Games

Adult Games

Cosmic Encounter

Created by a 10th Age Archmage to train people in the complexities of planar travel and dealing with elementals, spirits, demons, etc. Players take on specific roles like 'Blue College Mage' or 'Elemental who wants to get high on perfume' and engage in complex negotations to reach victory goals. A referee oversees things like spying, combat, and the thing which has led to more drunken mage brawls than any other CE related issues -- Did a given action damage the summoning circle or not.

Fifth Frontier War

Stung by criticism of his leadership, Prince Boris created Fifth Frontier War, a boardgame in which you can try to do better than he did in the Fifth Frontier War. The game is, to put it bluntly, not fair, and only stupid people don't know this.

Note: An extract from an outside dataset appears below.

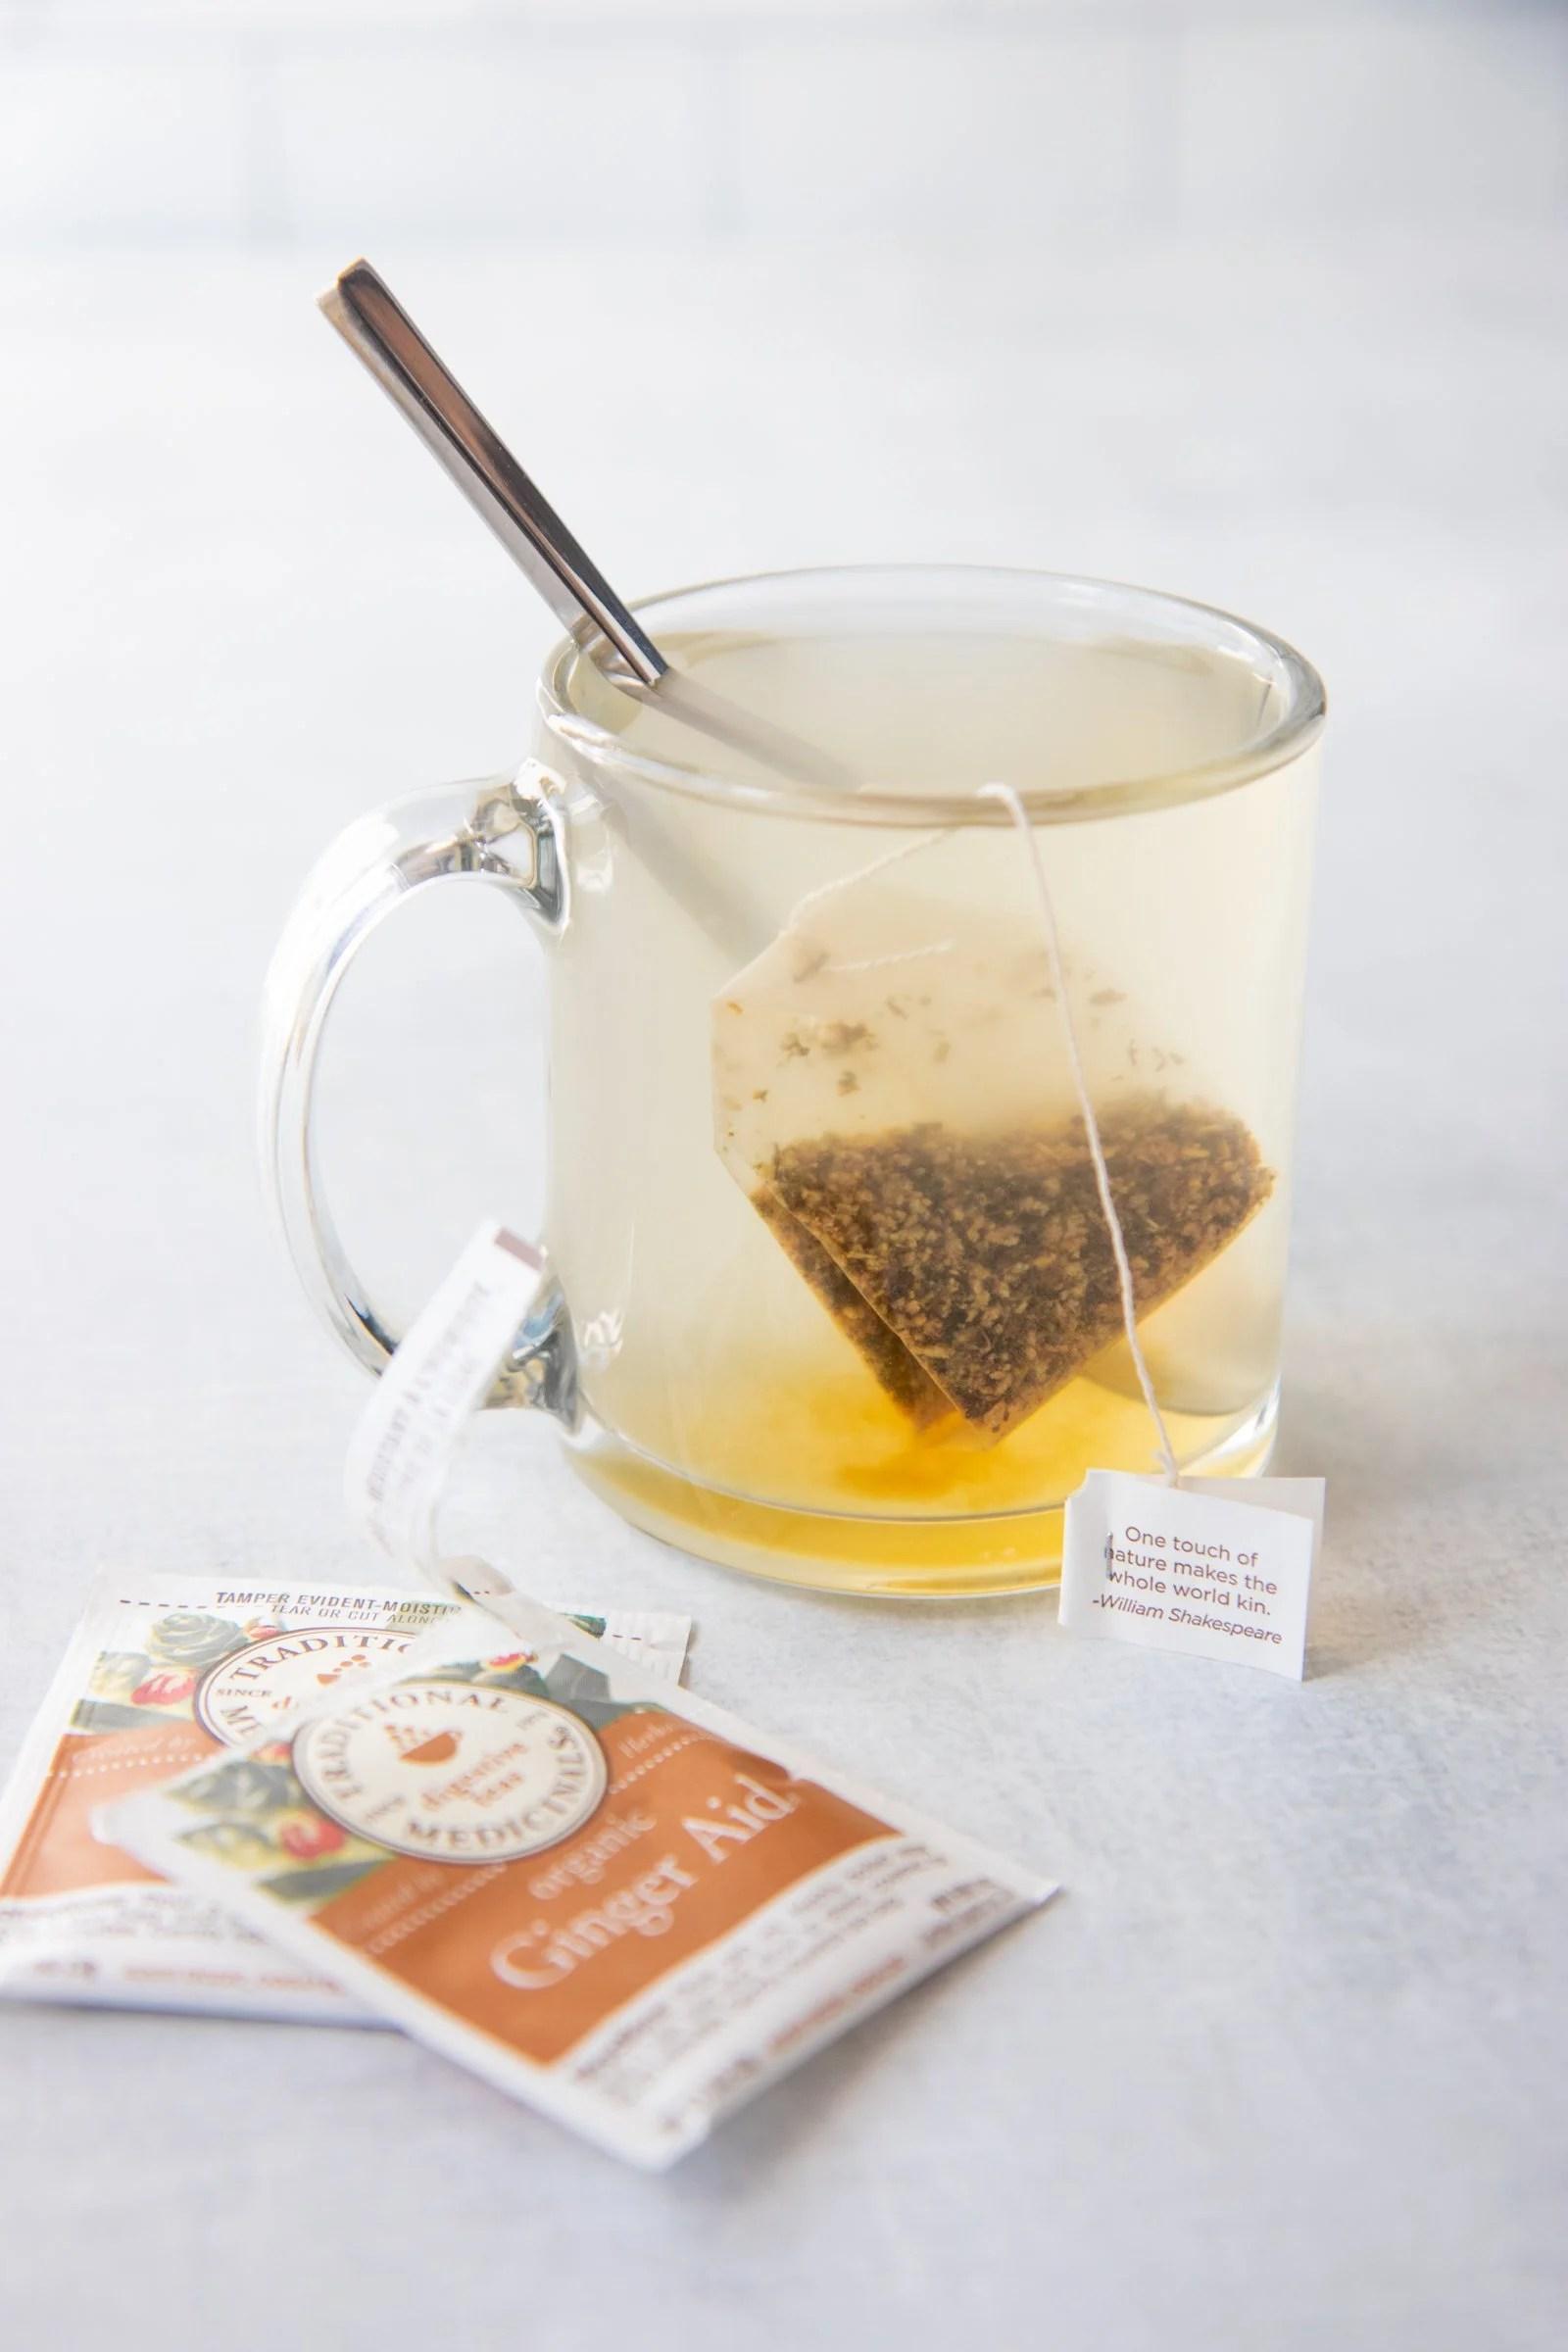 Clear glass mug full of ginger tea with a tea bag in the mug

Outdoing Prince Boris is possible but requires a lot of luck and strategy. It has waxed and waned in prominence, but currently is popular in the officer ranks of the Imperial Legions as a training tool. The game involves a six by eight foot wide board and uses a two hundred page rulebook to account for all sorts of things, including quirks of individual units and commanders to supply issues to determining if one of your legions goes traitor. There are rumors the Orc Lord is obsessed with this game, but most people assume he would just eat the rulebook in frustration. Lots of perfectly sane people have given up because they just couldn't track everything. Some historians think that's the whole point.

Imperium

Invented in Imperial Year 1977, in a past age, this game has grown to be very popular among those with the time to actually play a full game of Imperium and to afford a proper set. A member of the Imperial house, Prince Boris, after twenty years of military service, created Imperium, a complex boardgame with sixteen boards representing the Overworld, the Underworld, the normal world, and the thirteen icons, arranged in an elaborate tree structure. Pieces move complexly across the board, each gaining certain powers on certain boards, in a conquest to capture your foe's immobile but not helpless Castle Piece. Simple versions of the board just have runes which indicate how things link; magical board versions have verbally moved pieces and fancy special effects. The rules, however, are the same. There is a yearly tournament, held under Imperial supervision, for the best players.

Children's Games

Cherry Leaf

A game most commonly played at the annual Cherry Festivals, when the cherry trees begin basically spewing tasty leaves everywhere. In addition to eating them (you wrap something like a sausage, a candy, some rice and vegetables, or whatever in it), you can collect them and play Cherry Leaf with a big gridded board, or by drawing a grid in the dirt. Play is like the Earth game of Stones or Go; wealthier players use boards with a pile of fake cherry leaves carved from wood. The winner traditionally gets all the loser's leaves and uses them to make tasty festival snacks.

Fish Bones

This involves either actual fish bones or fakes made of wood or bone; the 'bones' of a half-dozen fish are jumbled together and the children compete to see how fast they can 'reassemble' the fish. The winner gets a bag of gummy candies; this is played at festivals.

Frog Hop

A popular children's game which requires an eight sided die and a board. You advance a number of squares equal to your roll. If you hop over another player, you get an extra life, marked by a little wooden coin; some squares unleash a snake which chases you around the board with random moves; once you run out of lives, you're out. If you reach the final square, you win. Sometimes, everyone gets eaten, a lesson kids need to learn.

Rob the Murder Tree

This doesn't involve a real murder tree... except perhaps in Shadow Elf settlements. At a festival, fruits, candies, simple toys, fancy handkerchiefs, bracelets, etc, are hung from a tree; children must cook up a plan to get past adults pretending to be branches of the tree to get the prizes; any child hit with a long fern is eliminated.

Troll Pack

A simple children's game using wooden troll figurines. Each child takes a turn, cramming a troll into a box; at some random moment, a spring goes off and the trolls explode into the losing child's face. This is made by dwarves to teach their children both how to pack efficiently and how to avoid being eaten by trolls, but now human children enjoy it as well; the box includes fancy dwarven clockworks and a randomizing mechanism; smart enough kids learn how to tell what the setting is and cheat appropriately, possibly getting wooden trolls flung at them if caught.